### Your task
Exactly reproduce the lines from the one containing "Black Animal Print" through the last line of the data, both ends included, leaving out pictures.

### Dataset excerpt
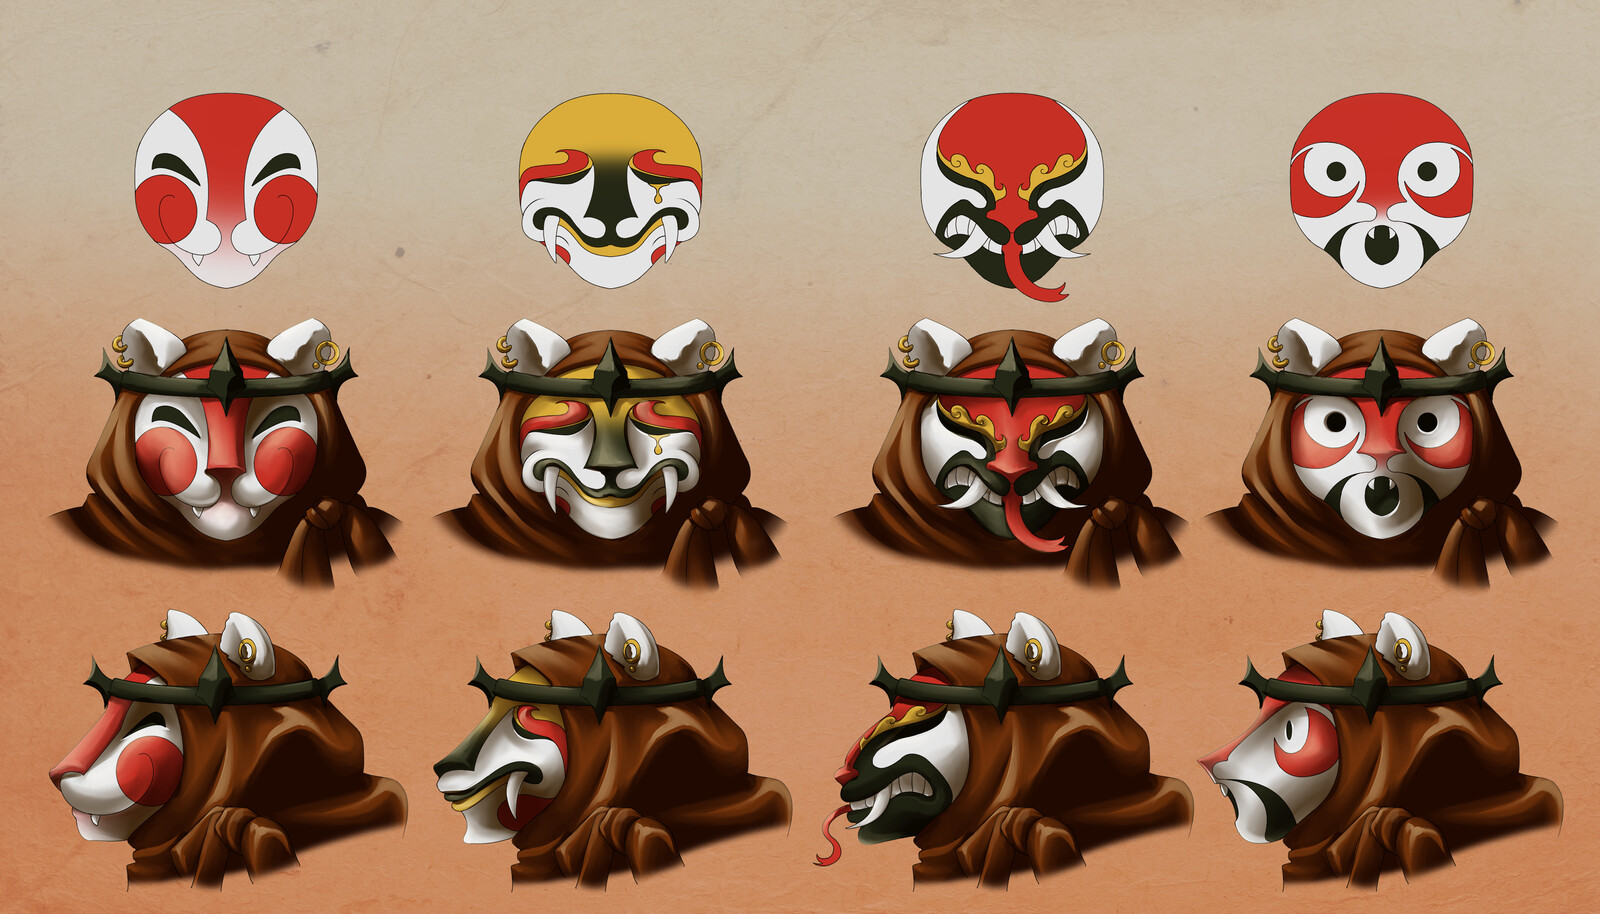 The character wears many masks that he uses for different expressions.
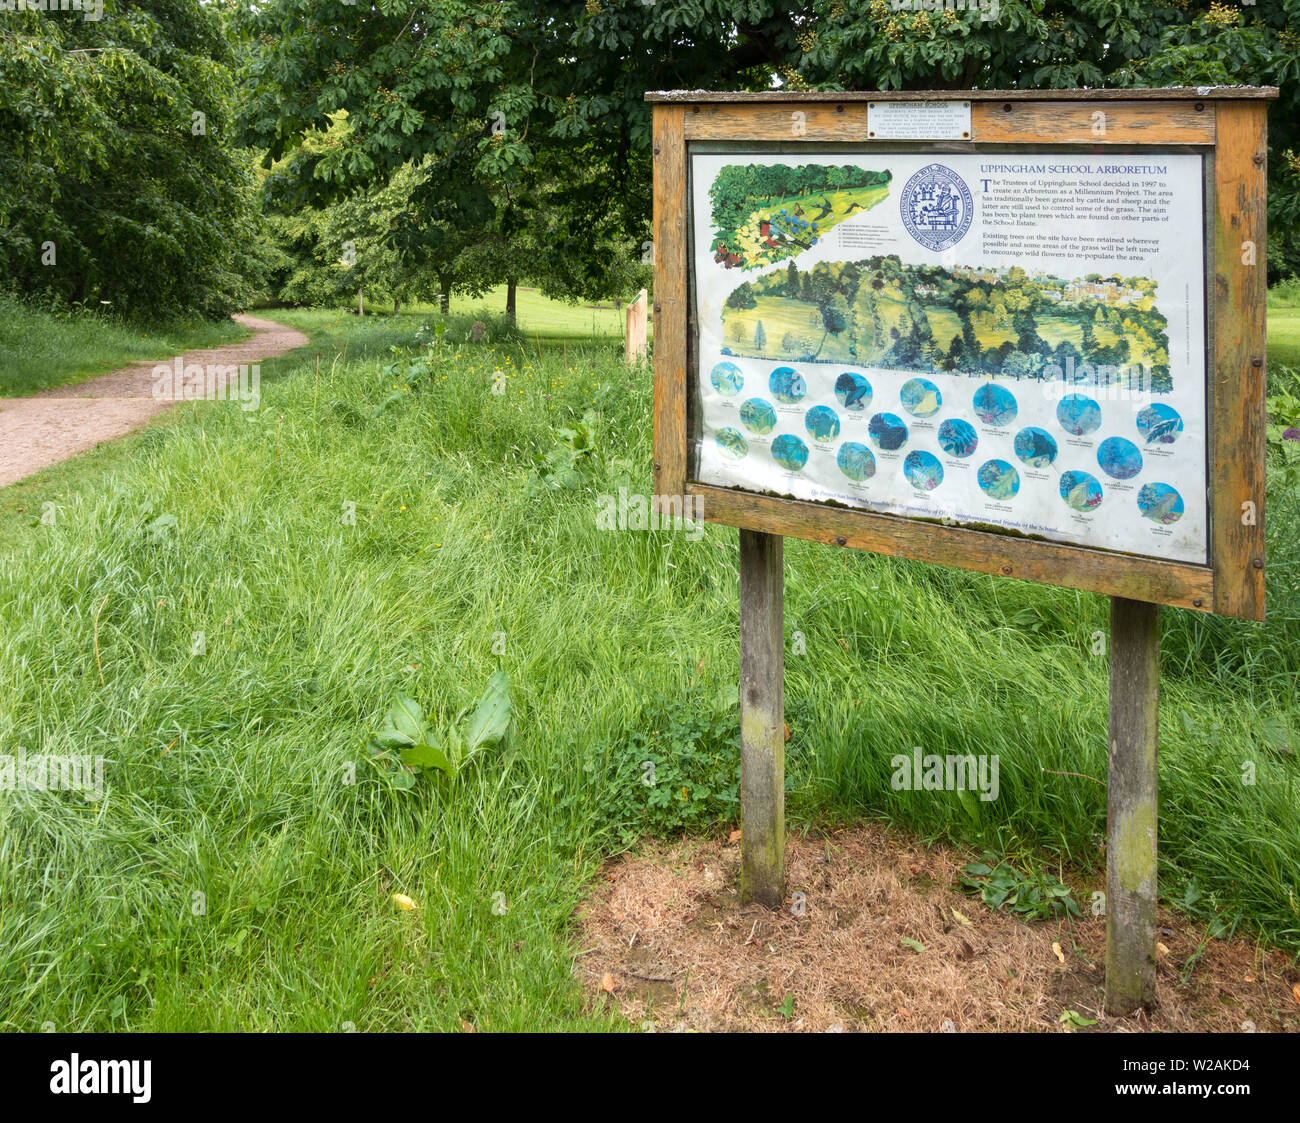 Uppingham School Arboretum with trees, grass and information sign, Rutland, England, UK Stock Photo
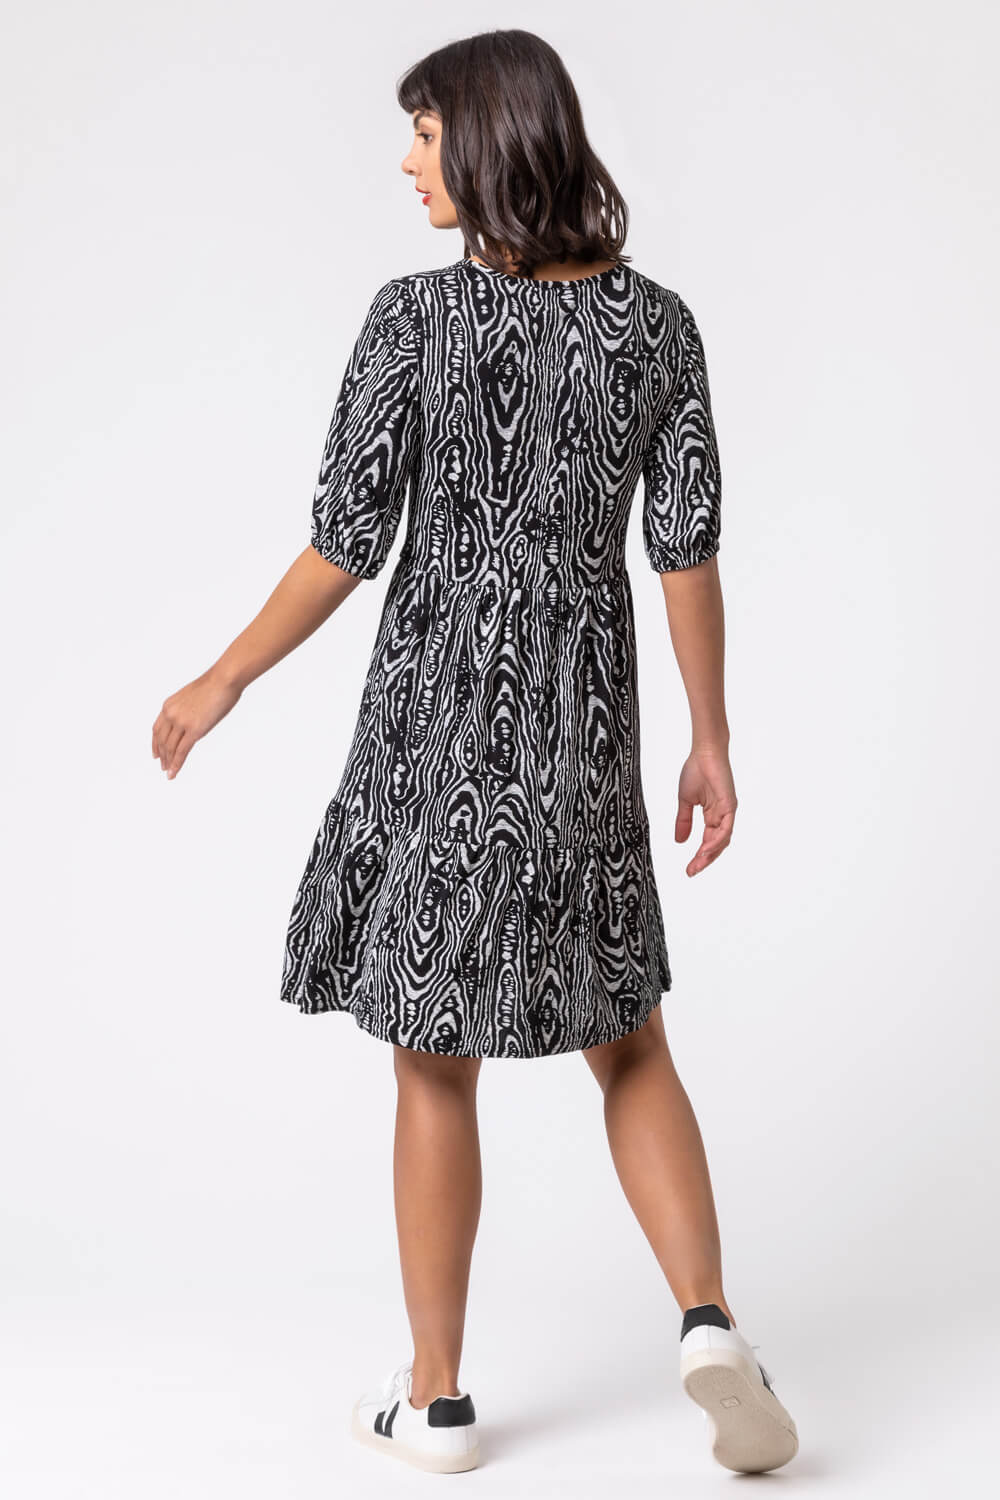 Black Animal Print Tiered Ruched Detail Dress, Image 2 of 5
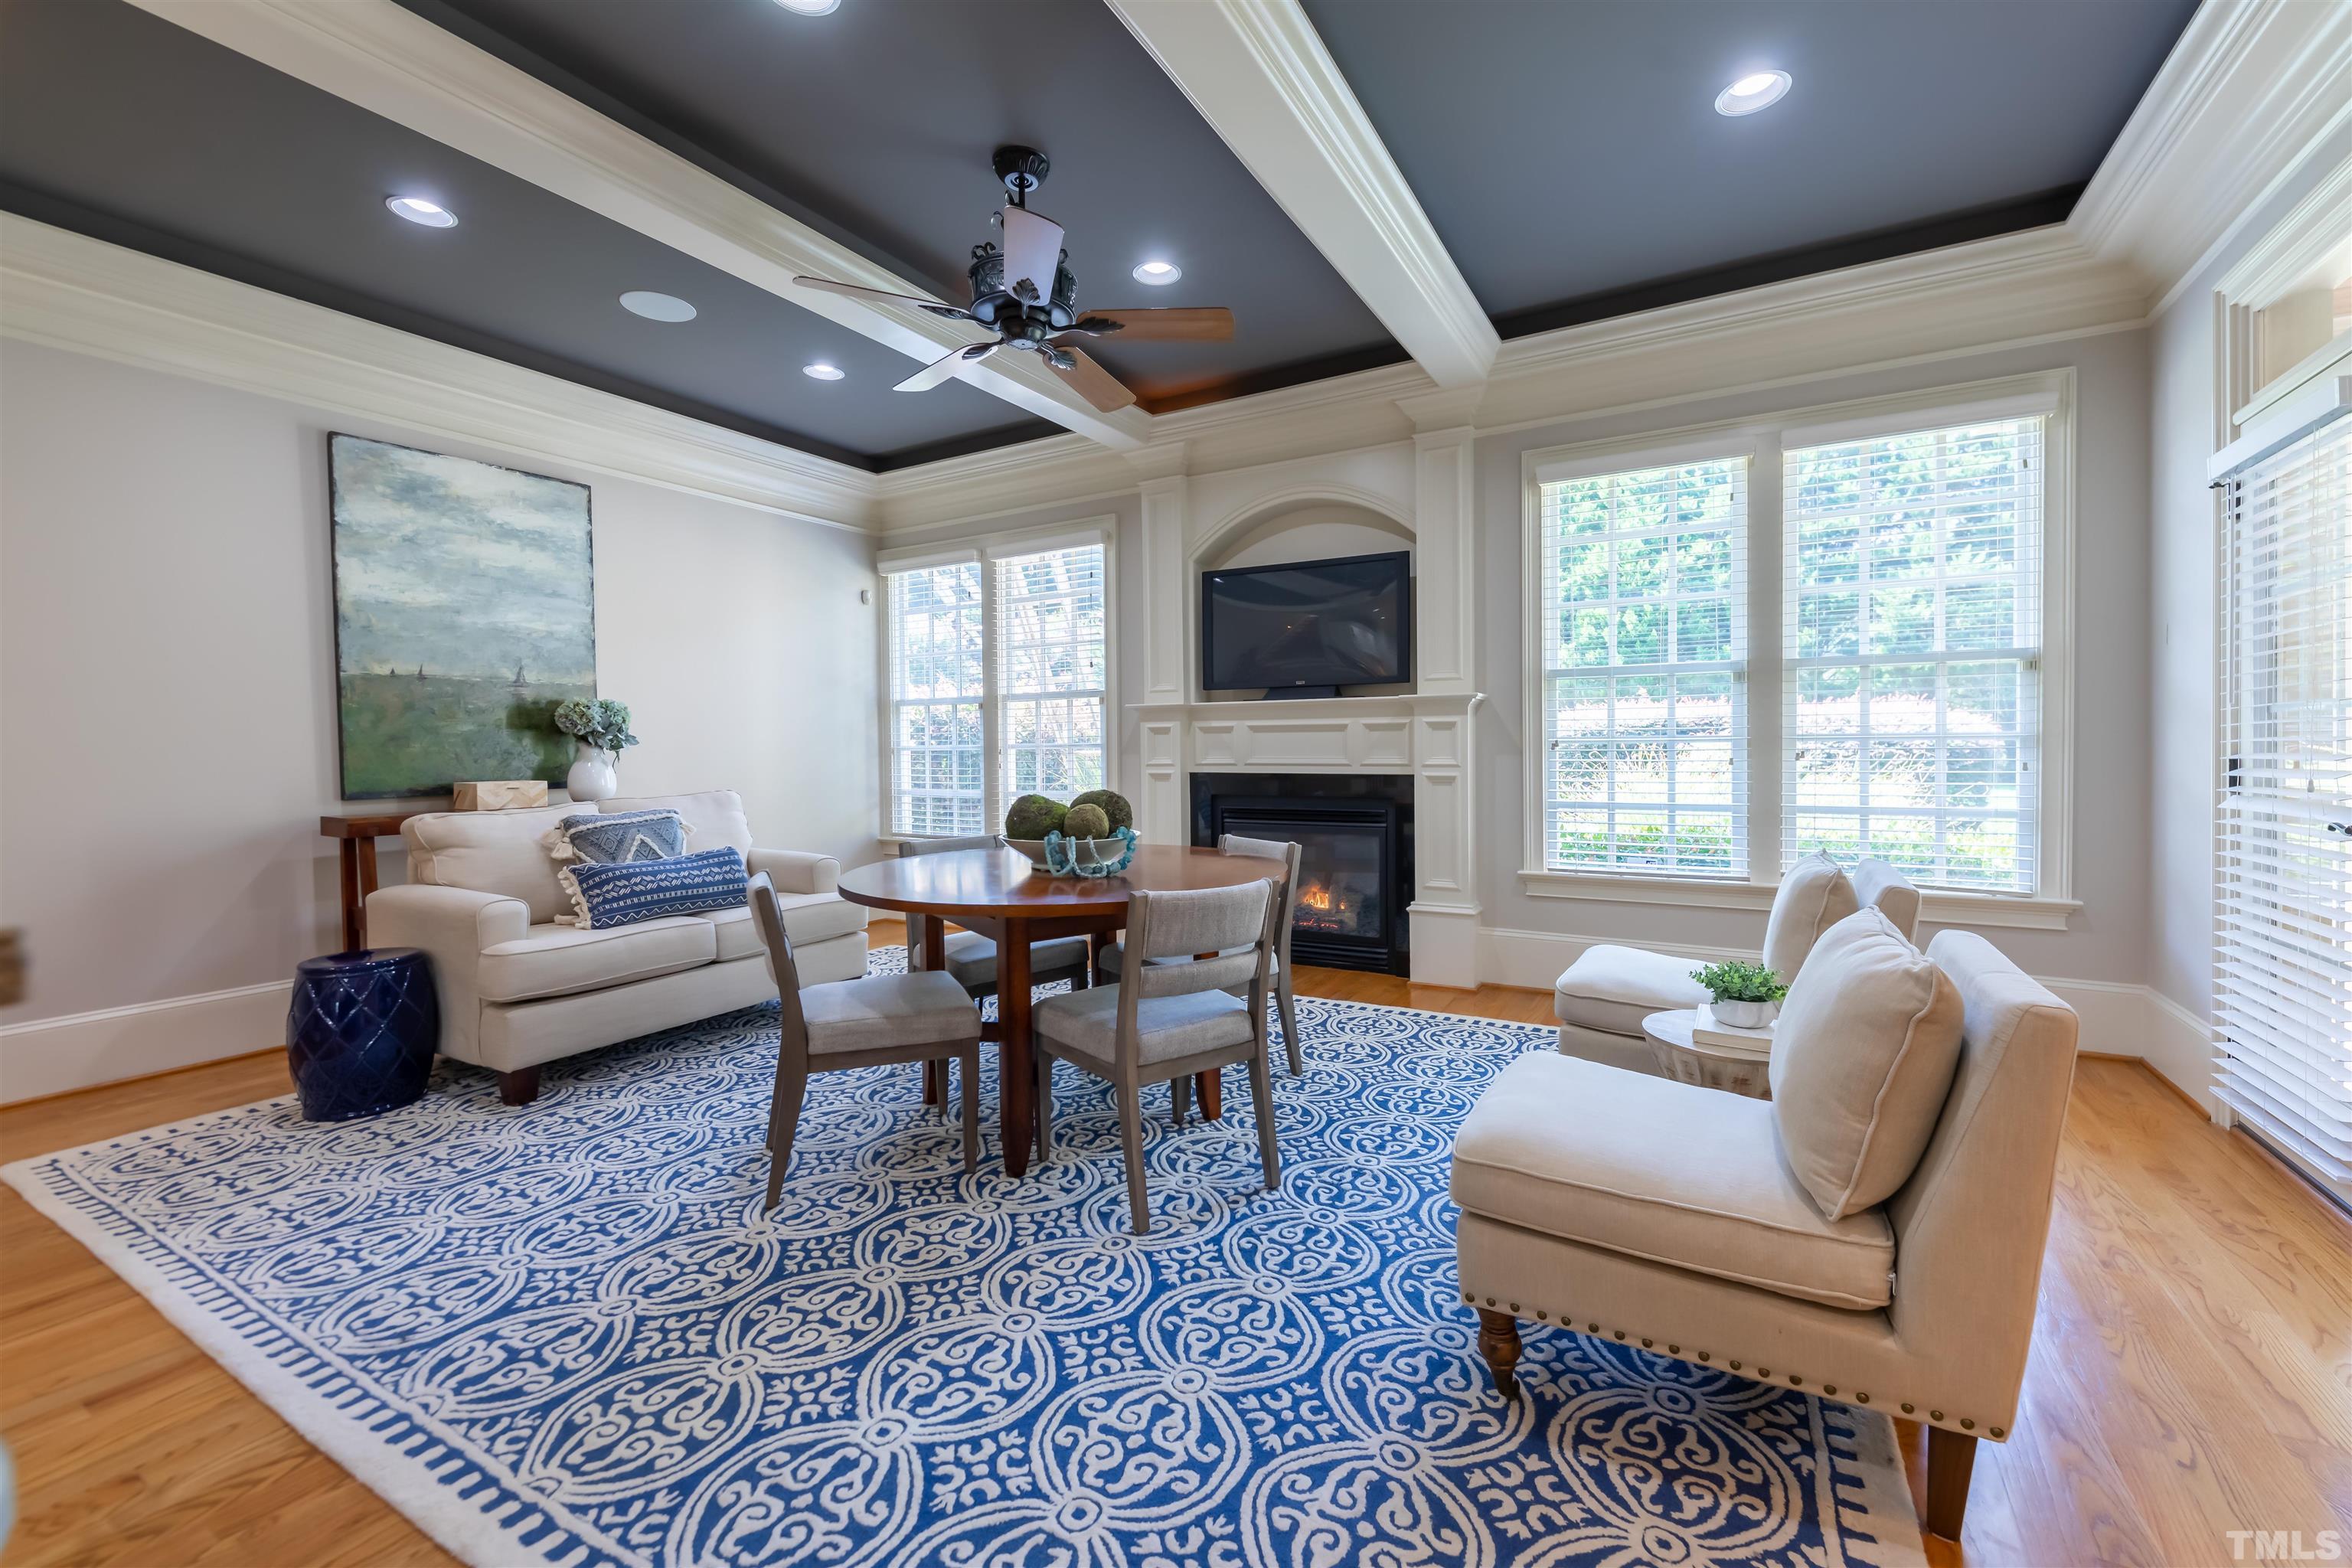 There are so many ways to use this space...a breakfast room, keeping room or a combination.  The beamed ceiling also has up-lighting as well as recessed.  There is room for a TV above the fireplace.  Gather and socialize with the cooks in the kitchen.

### Task output
 Black Animal Print Tiered Ruched Detail Dress, Image 2 of 5
 There are so many ways to use this space...a breakfast room, keeping room or a combination.  The beamed ceiling also has up-lighting as well as recessed.  There is room for a TV above the fireplace.  Gather and socialize with the cooks in the kitchen.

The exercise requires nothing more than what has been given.